Details of any current eCSE calls and their remit can be found on the eCSE calls page
- Application Guidance
- Proposal Template
- eCSE projects funded from previous calls
- Codes worked on during eCSE projects
- eCSE Interim and Final report templates
The eCSE programme provides tangible software enhancements to the communities exploiting software on ARCHER. This in turn has lead to significant scientific advancements and both economic and social benefits to society.
Reports from completed eCSE projects
The dolfin-adjoint package enables the automated optimisation of problems constrained by partial differential equations (PDEs). These problems are ubiquitous in engineering. Prior to this project, dolfin-adjoint was limited to serial optimisation libraries with no concept of parallel linear algebra. Now, the software is equipped with a Python-based interface to the parallel algorithms included in PETSc, thereby eliminating the performance penalty associated with gathering the data and lifting the upper bound on the size of problems able to be considered.
CASTEP is a UK-developed and widely used program for the quantum mechanical modelling of materials. This project aimed to improve the performance of CASTEP for large calculations on ARCHER, through two key approaches: by reducing memory usage per node, and by improving calculation time per iteration. The project added a new level of parallelism to CASTEP, allowing memory to be shared between CPU cores. The work has laid the foundations for a version of CASTEP that will work well on future exascale supercomputers.
The main objective of this project was to tune the electronic structure code FHI-aims for optimal efficiency on ARCHER's hardware, both as a standalone code and as a key component within two software packages - KLMC and ChemShell - for the benefit of members of the Materials Chemistry Consortium (MCC) and other new or current users. Improving the scalability for a wide range of applications to enable new science was the overarching target. Our work enables and encourages the undertaking of new research using current and emerging UK computer facilities in a wide range of fields including materials and life sciences, chemistry, physics, and engineering.

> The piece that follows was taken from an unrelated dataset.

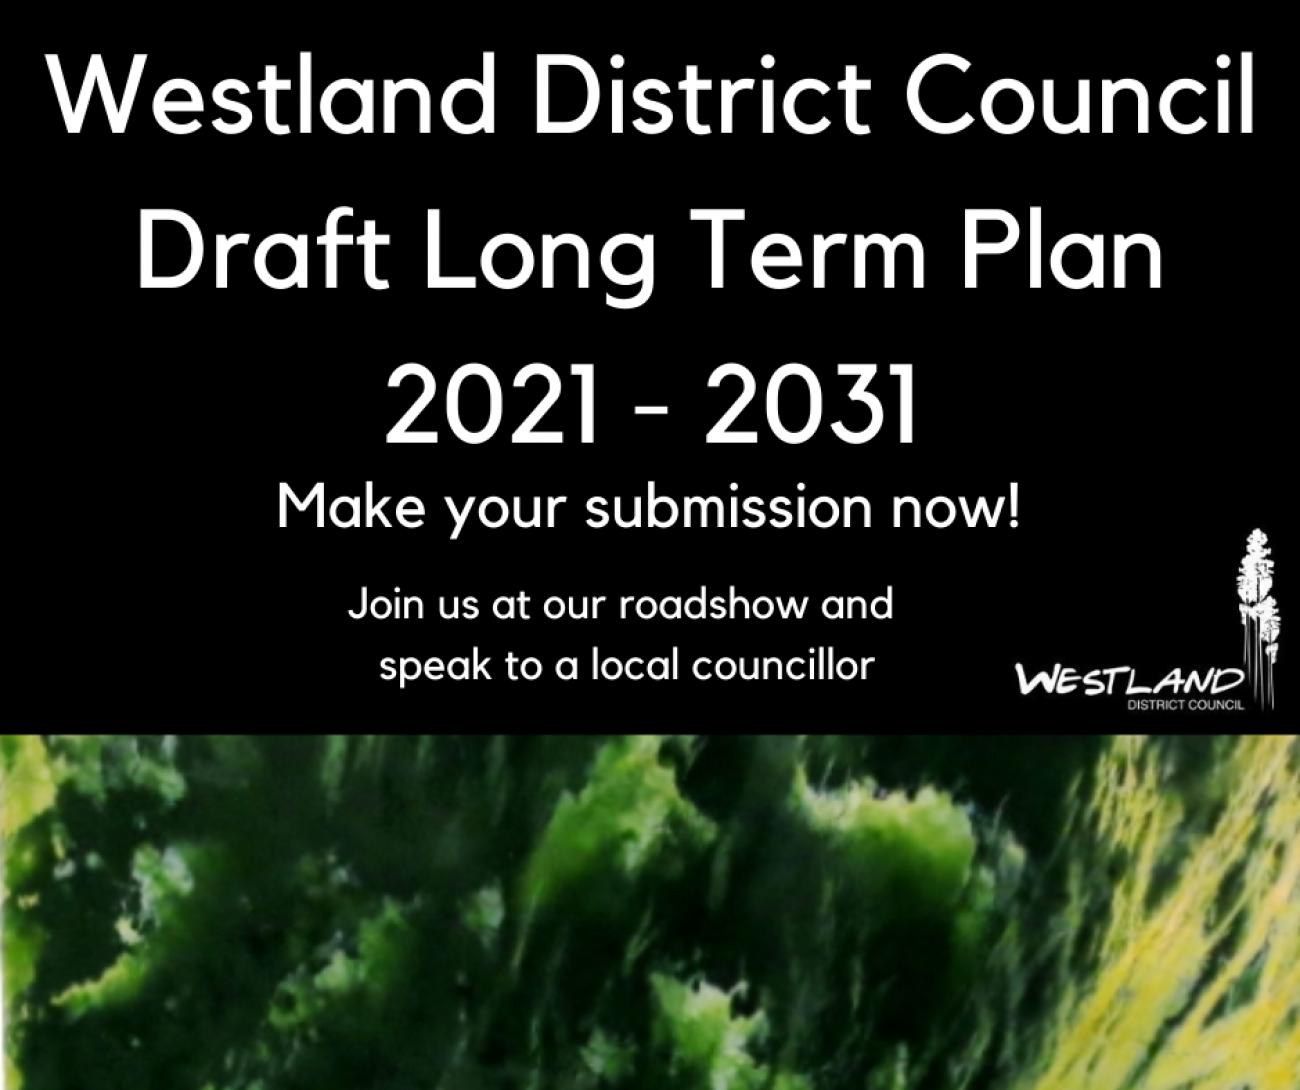 May / June 2021 Council Meetings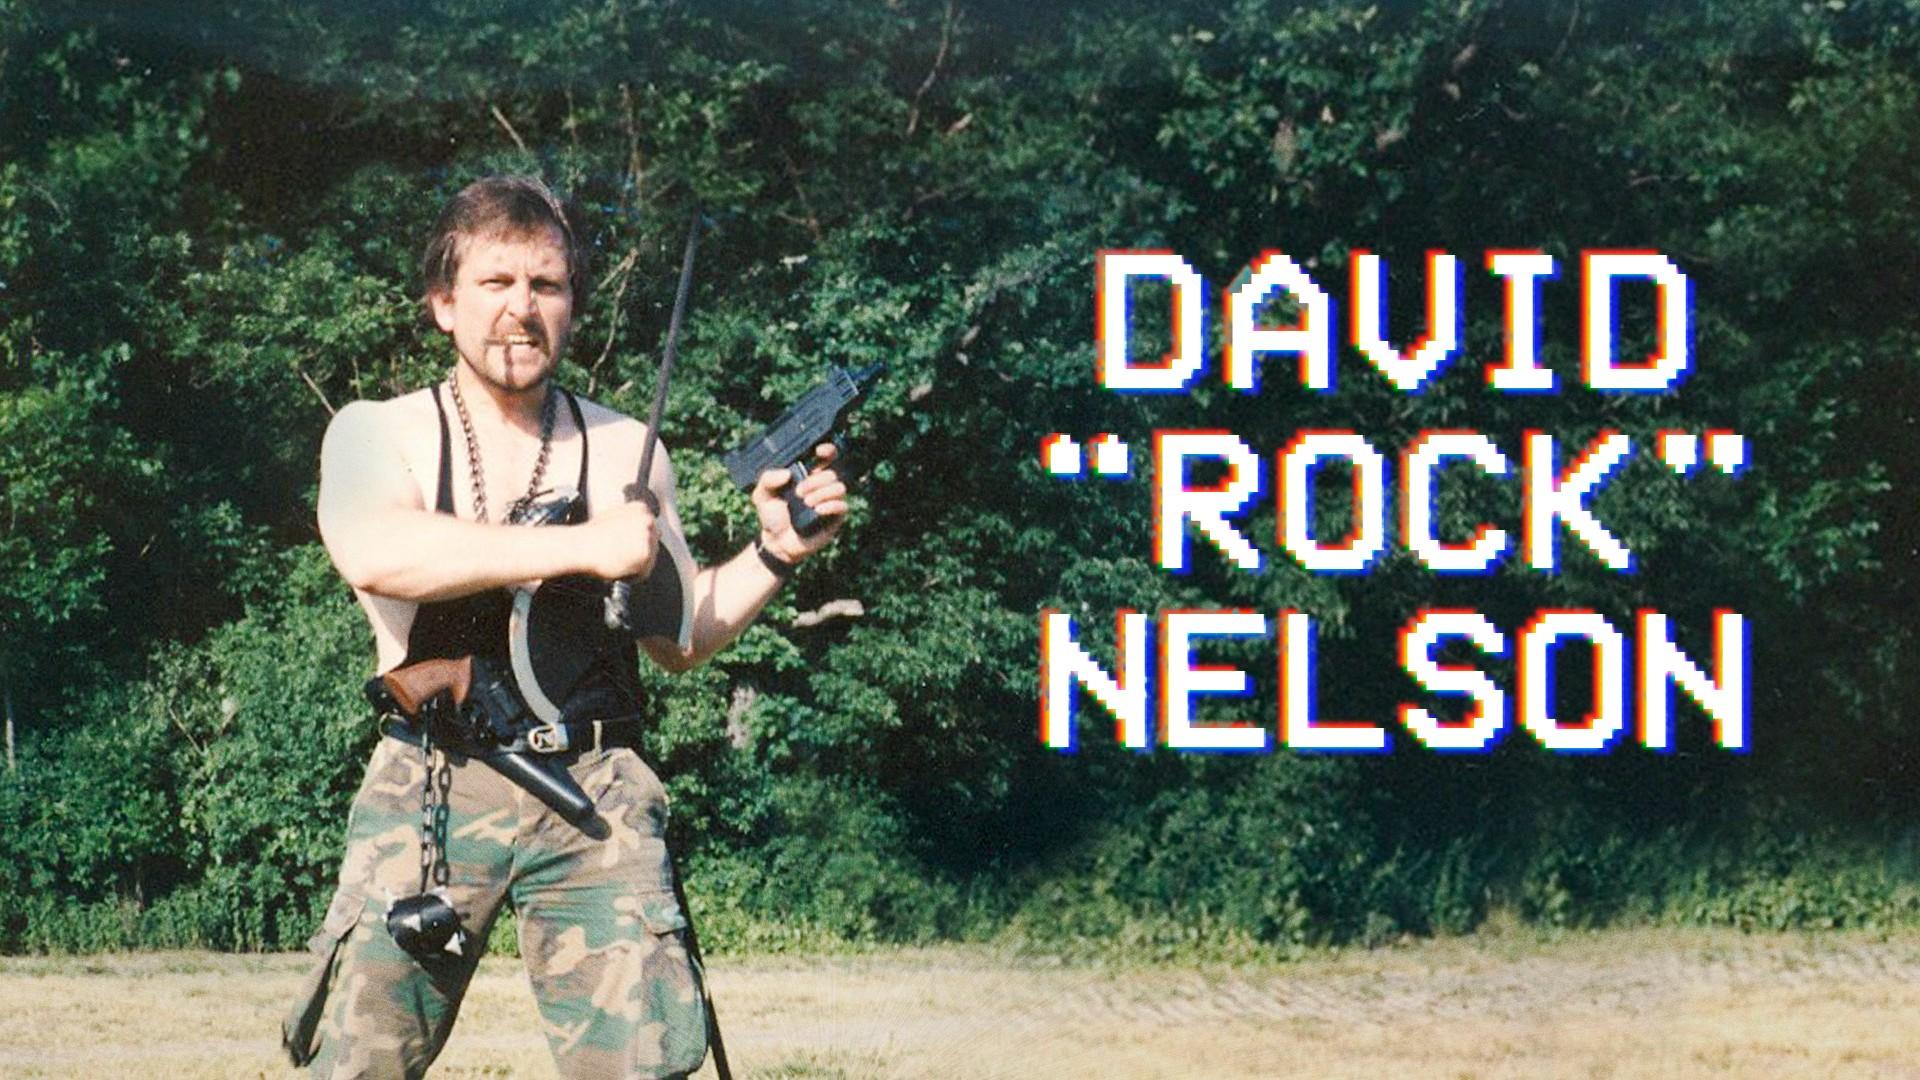 david u0027rock u0027 nelson has been creating monster movies in his

Large-scale DFT codes such as ONETEP allow us to predict ground-state properties for large systems such as complex biomolecules. This project aimed to enhance, extend and improve the implementation in ONETEP of Linear Response Time-Dependent Density-Functional Theory (LR-TDDFT), the method of choice for computing optical properties of large systems. Previous work by the investigators had proven that the method scaled linearly with system size, enabling simulations to reach the kind of system sizes that can be probed experimentally. However, the method had not yet been widely applied, optimised, or its accuracy extensively tested. This project provided an opportunity to test this functionality and build upon it significantly.
The Community Earth System Model (CESM) is a state-of-the-art coupled climate model for simulating the earth's climate system. Composed of four separate sub-models simultaneously simulating the earth's atmosphere, ocean, land surface and sea-ice, and one central coupler component, CESM allows researchers to conduct fundamental research into the earth's past, present and future climate states. This project has ported and optimised two versions of CESM to ARCHER, and these are now both readily usable by the UK climate research community on ARCHER. This is expected to generate a further growth in interest in the model.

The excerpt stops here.